Op een camping in Neckargemünd – de enige foto waar mijn Tomos op staat.
Zo reed ik op de eerste dag van de lessen in 5gymα op mijn glimmende blauwe Tomos naar school, zette keurig de motor uit voor ik lopend de binnenplaats opging en parkeerde mijn aanwinst met een luchtigheid alsof ik dat al jaren deed. In werkelijkheid had ik het aardig benauwd, omdat iedereen naar mij keek. Dat dacht ik tenminste.

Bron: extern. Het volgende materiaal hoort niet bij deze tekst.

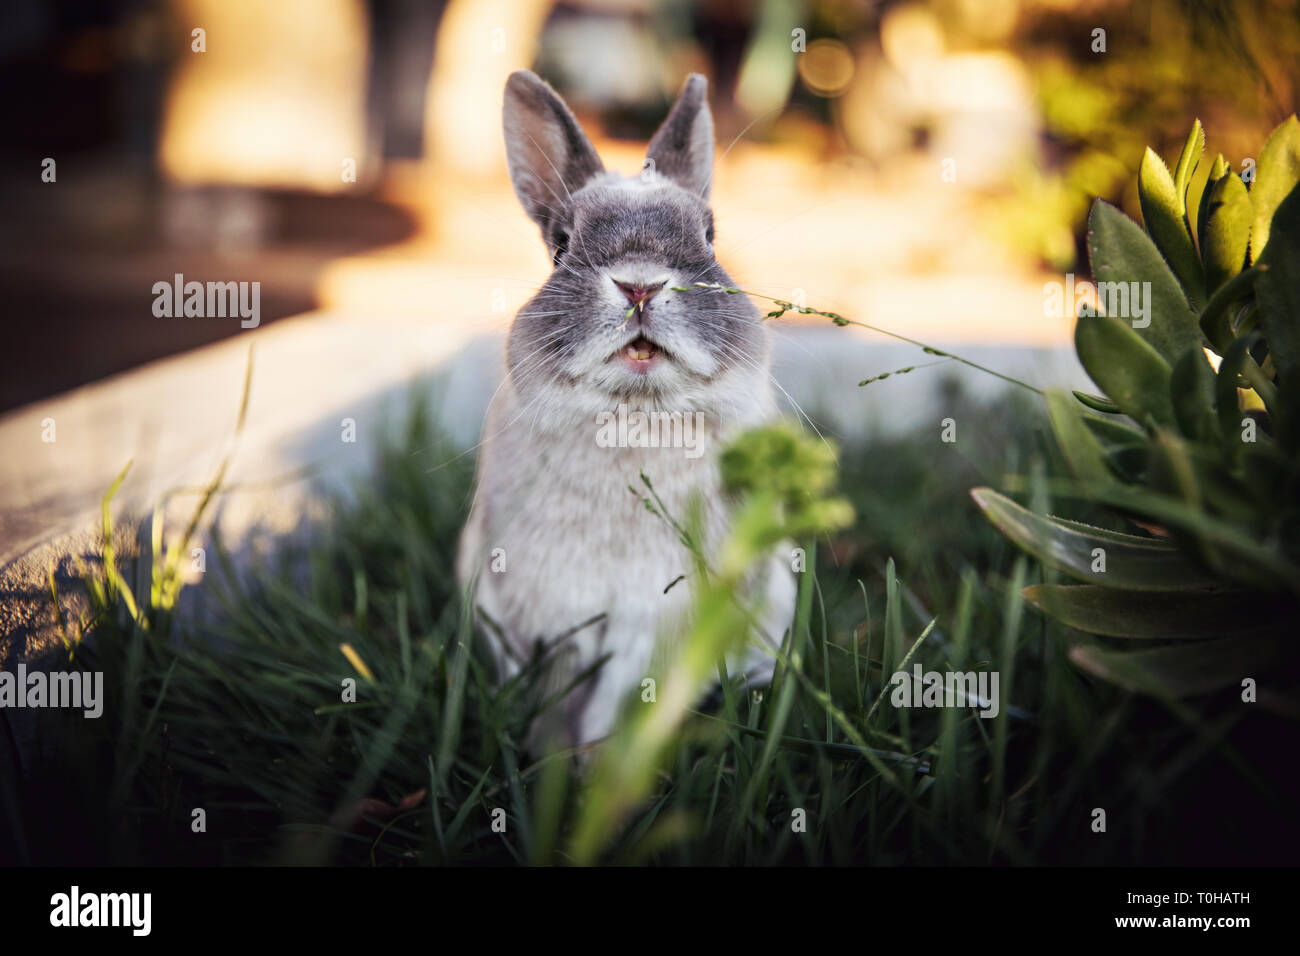 Un portrait expressif d'un lapin nain avec sa bouche un espace extérieur herbeux. Banque D'Images

Ton liet tussen de regels door merken dat de brommer nog niet af was als ie niet opgevoerd was. De Tomos haalde met gemak vijftig km per uur, dat was al tien meer dan wettelijk was toegestaan. Voor mij was dat genoeg, maar desondanks liet ik mij overhalen. Hij had een vriendje, die alles van brommers wist. Dus stond mijn Tomos op een middag op het smalle tegelpad achter een arbeiderswoning, tussen de kropsla en de waslijnen. Terwijl het vriendje de motor demonteerde had ik al spijt. Ik vreesde dat de zaak niet meer in de goede volgorde in elkaar gezet zou worden. Die angst bleek ongegrond. Opgelucht reed ik aan het einde van de middag naar huis. Ik merkte direct dat de snelheid hetzelfde was gebleven. De motor maakte wel veel meer lawaai.